• TASK ITEM: When you return the material, keep every line exactly as it is and omit the pictures.

• GIVEN DATA:
----------

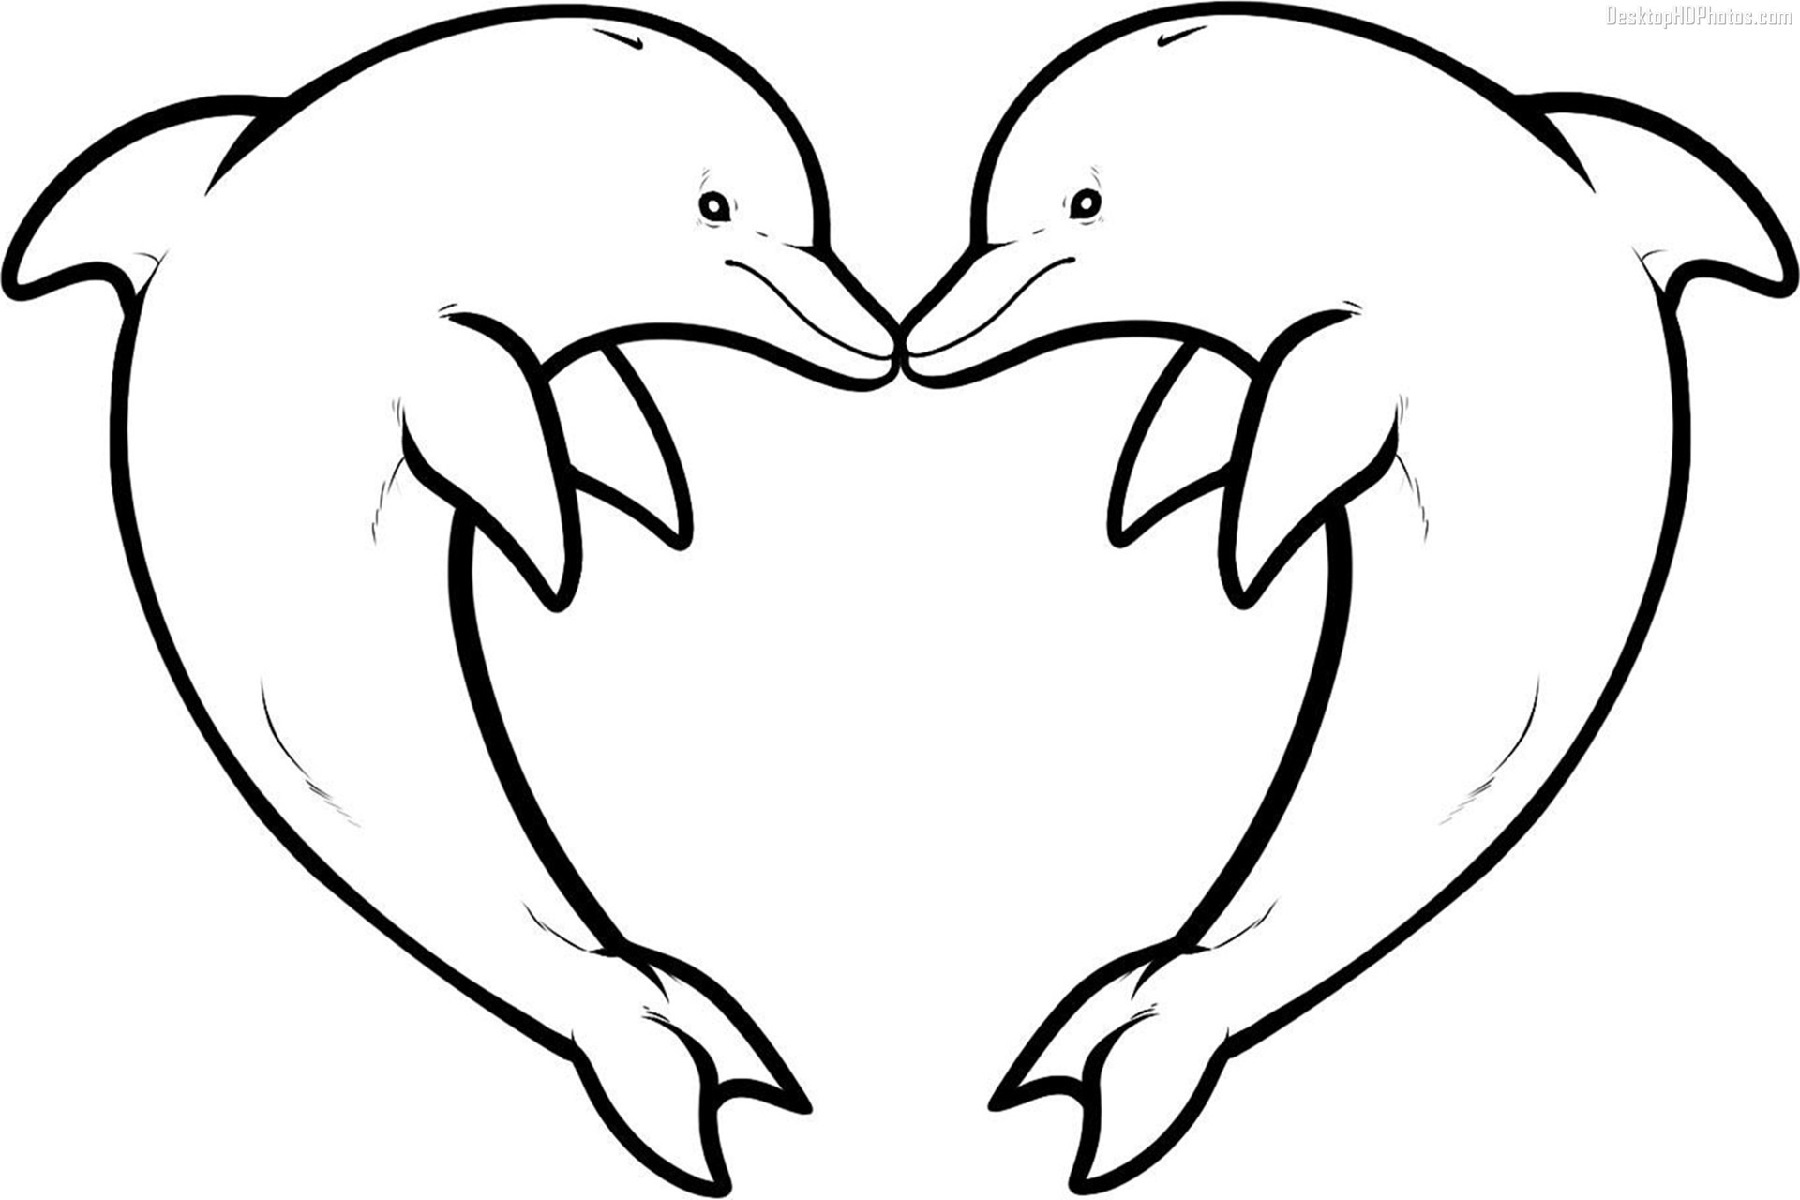 Dolphin Coloring Pages For Kids | Educative Printable - Dolphin Coloring Sheets Free Printable
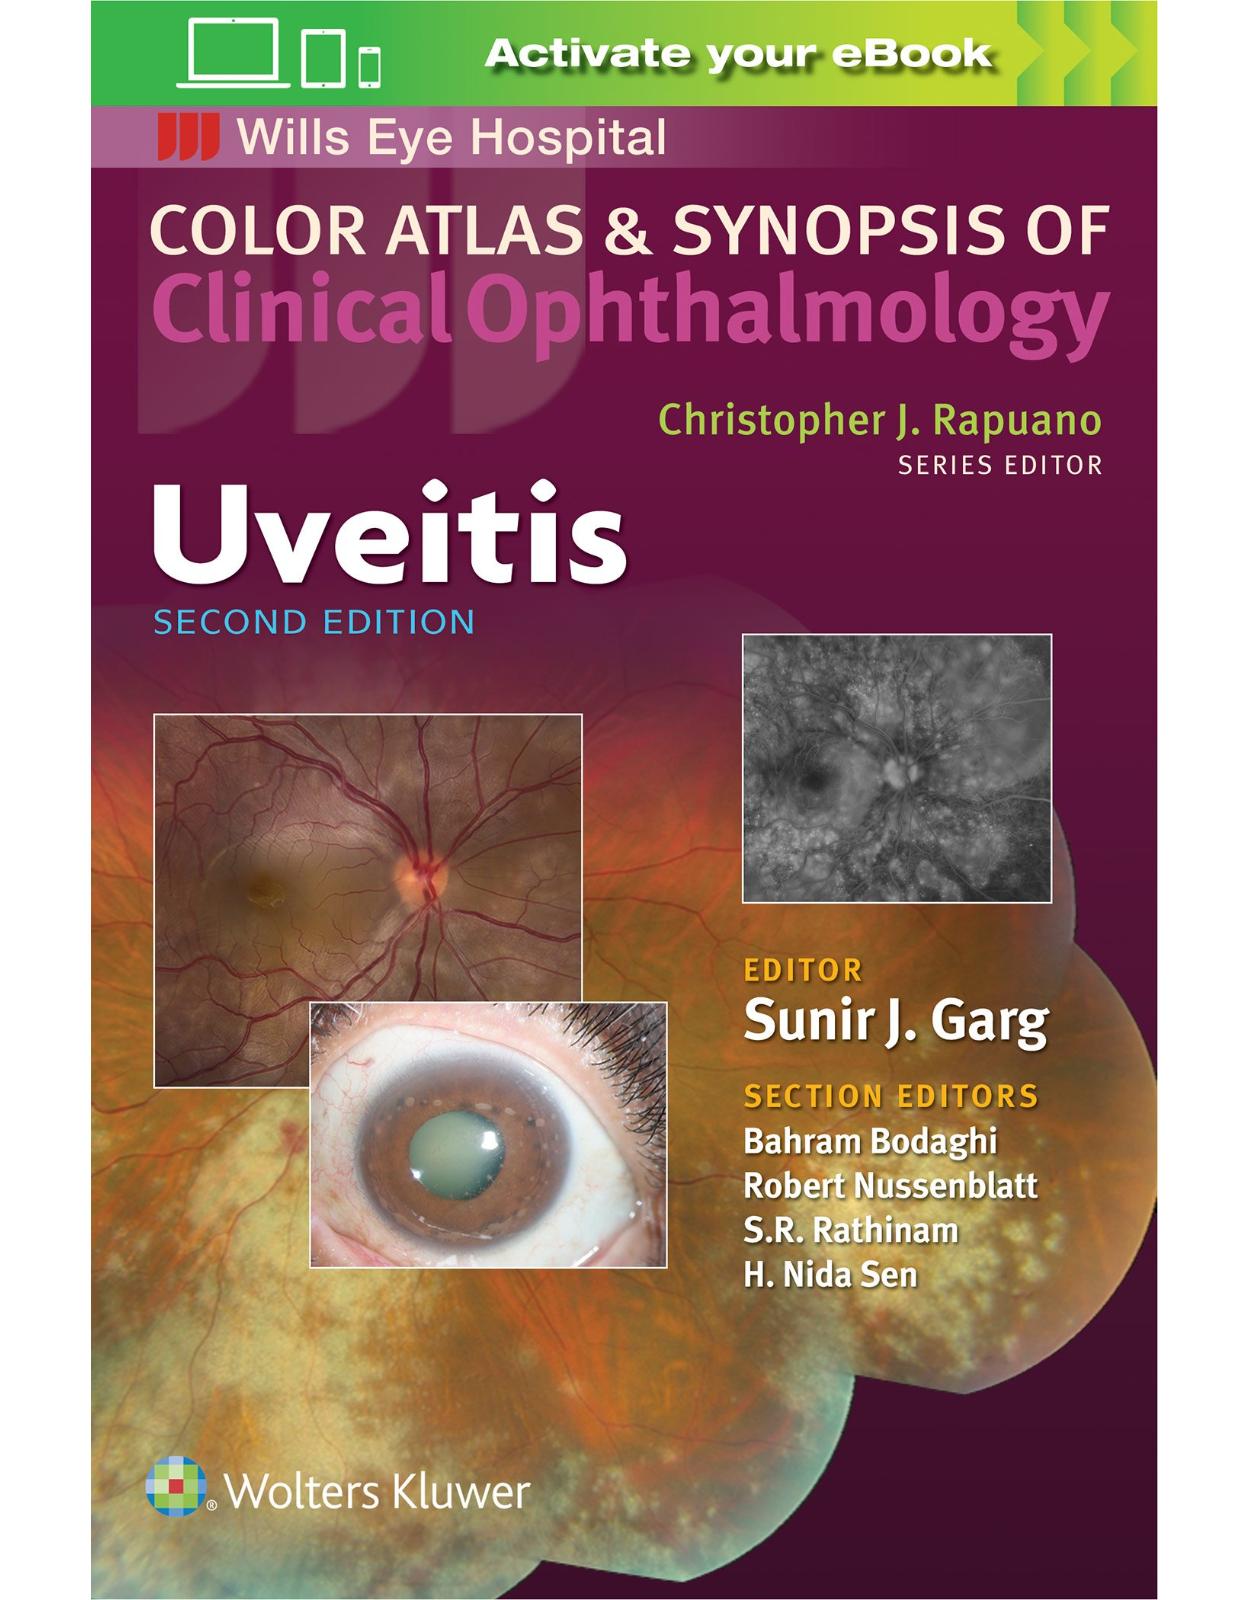 Uveitis (Color Atlas & Synopsis of Clinical Ophthalmology)
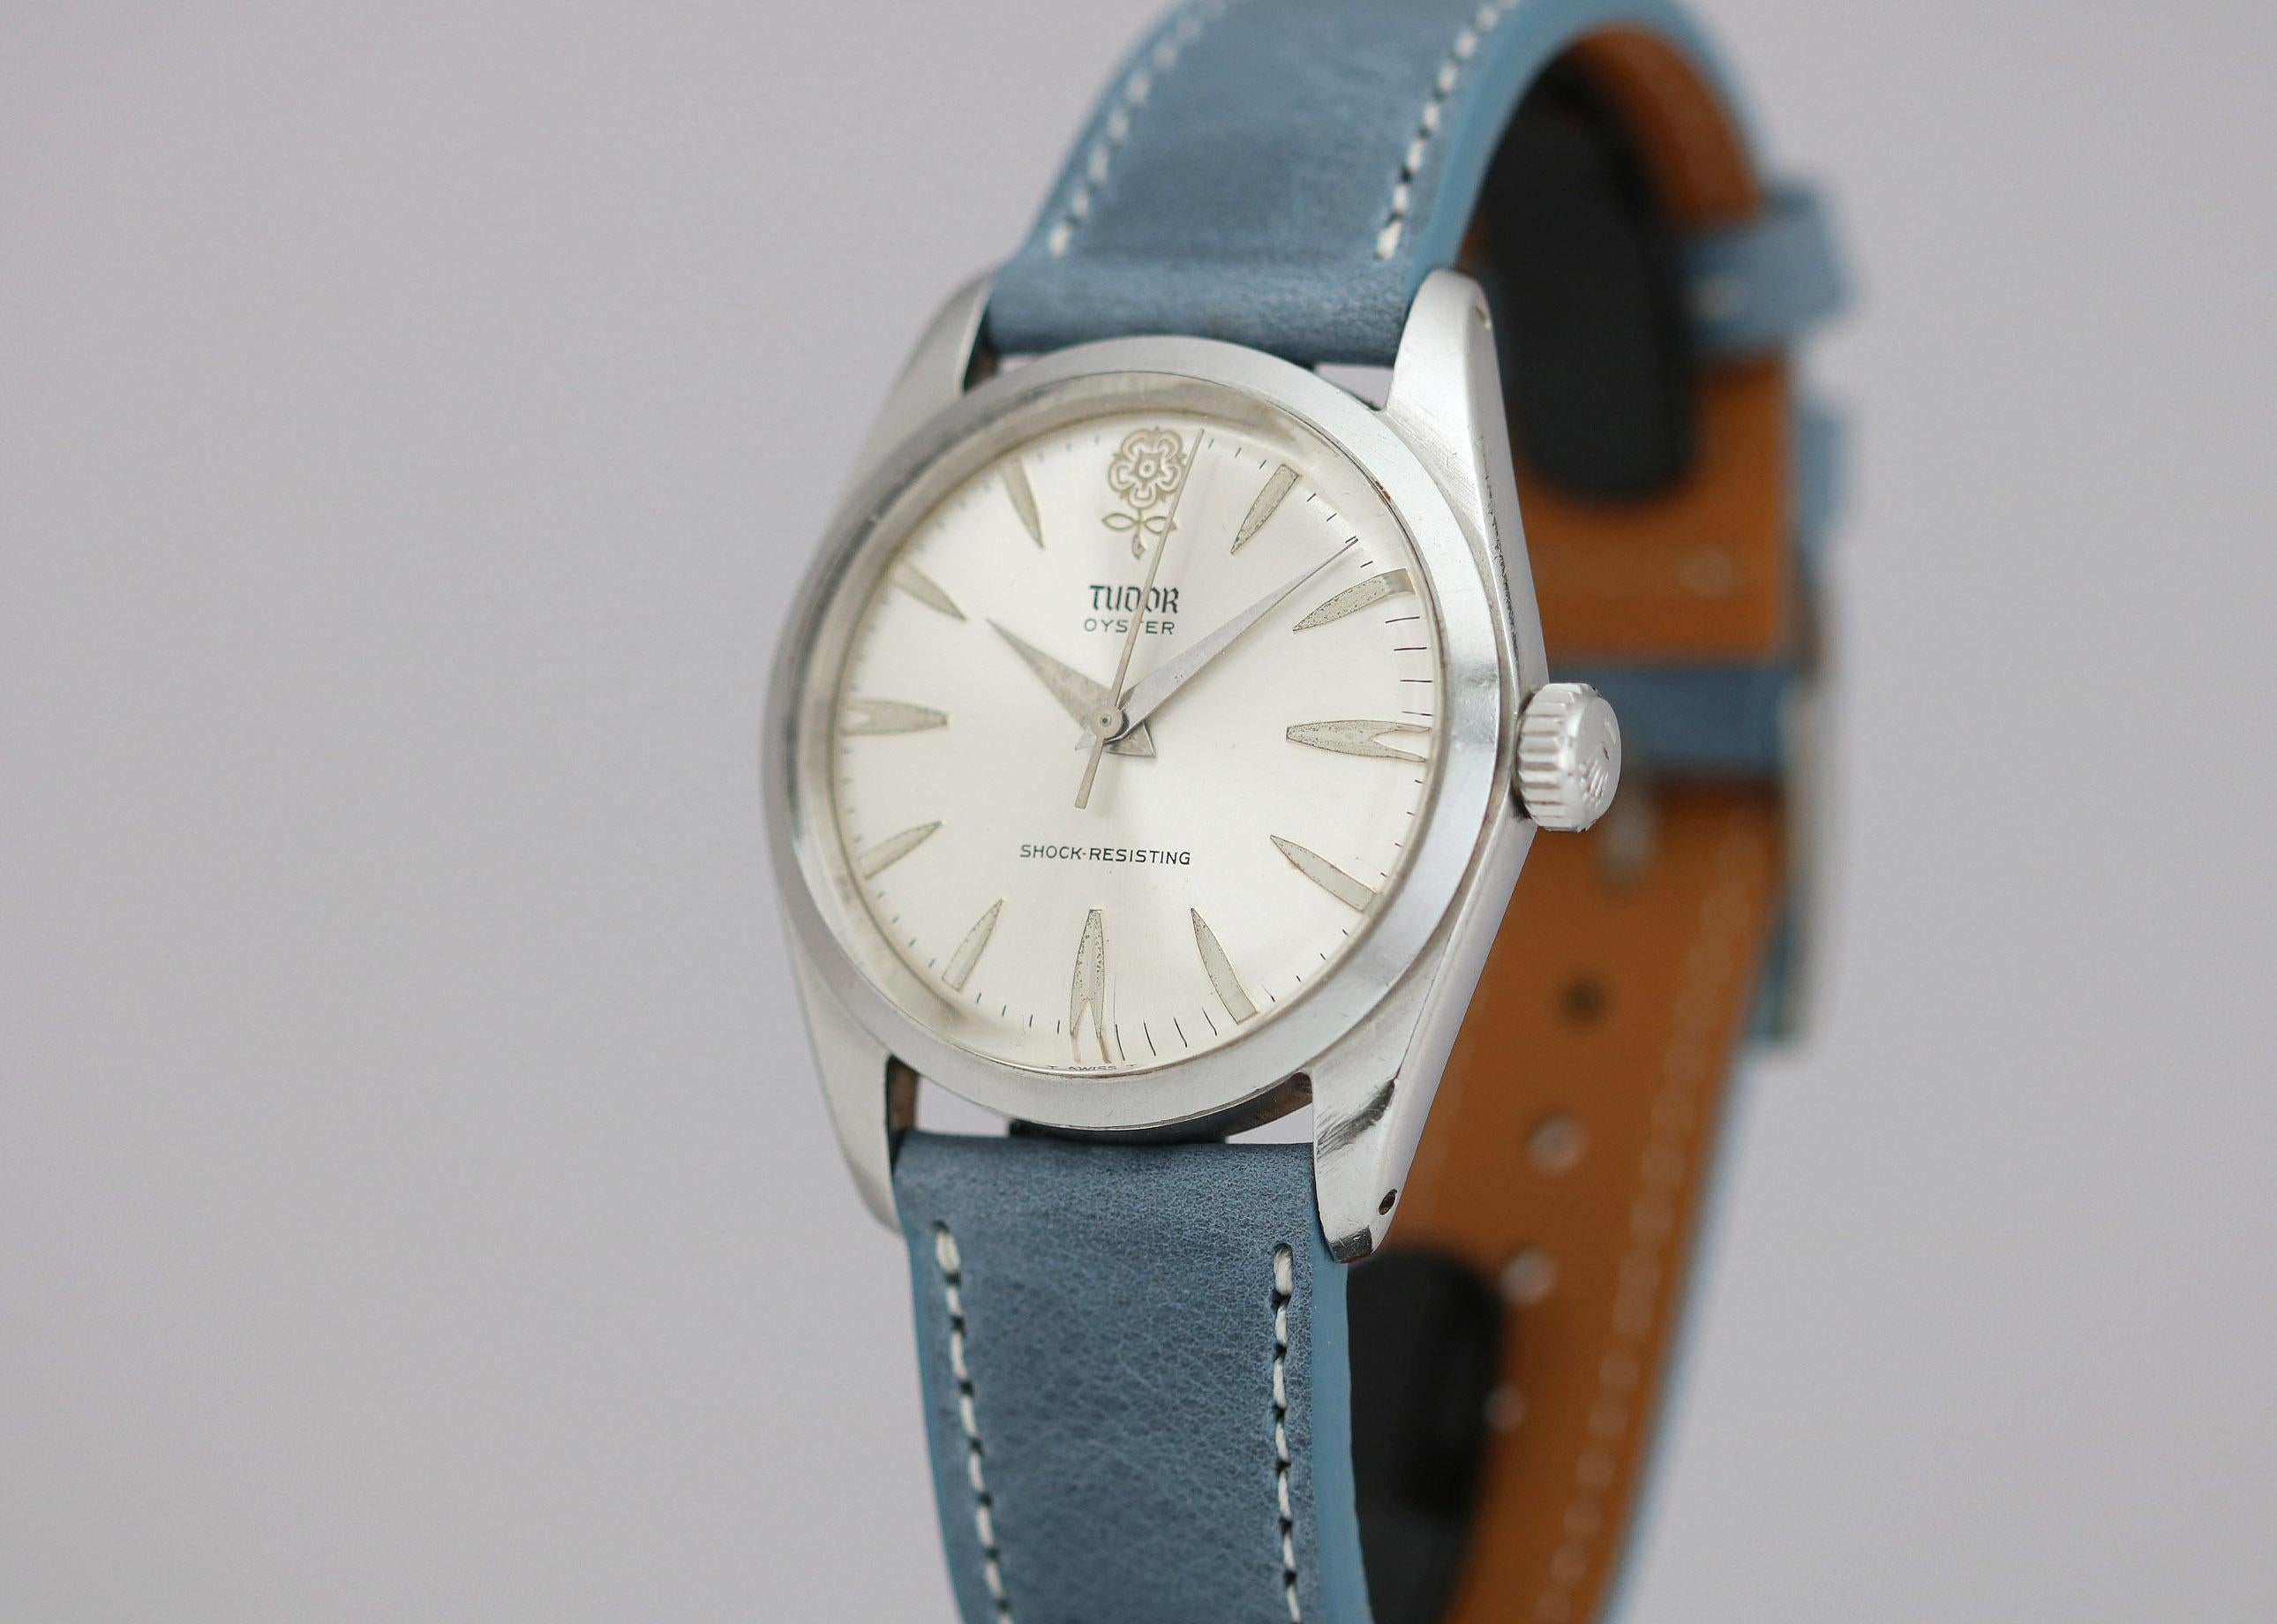 Tudor Stainless Steel Oyster Shock Resisting Ref 7934 Wristwatch, circa 1965 2

----------

• RESPONSE TO THE TASK:
 Dolphin Coloring Pages For Kids | Educative Printable - Dolphin Coloring Sheets Free Printable
 Uveitis (Color Atlas & Synopsis of Clinical Ophthalmology)
 Tudor Stainless Steel Oyster Shock Resisting Ref 7934 Wristwatch, circa 1965 2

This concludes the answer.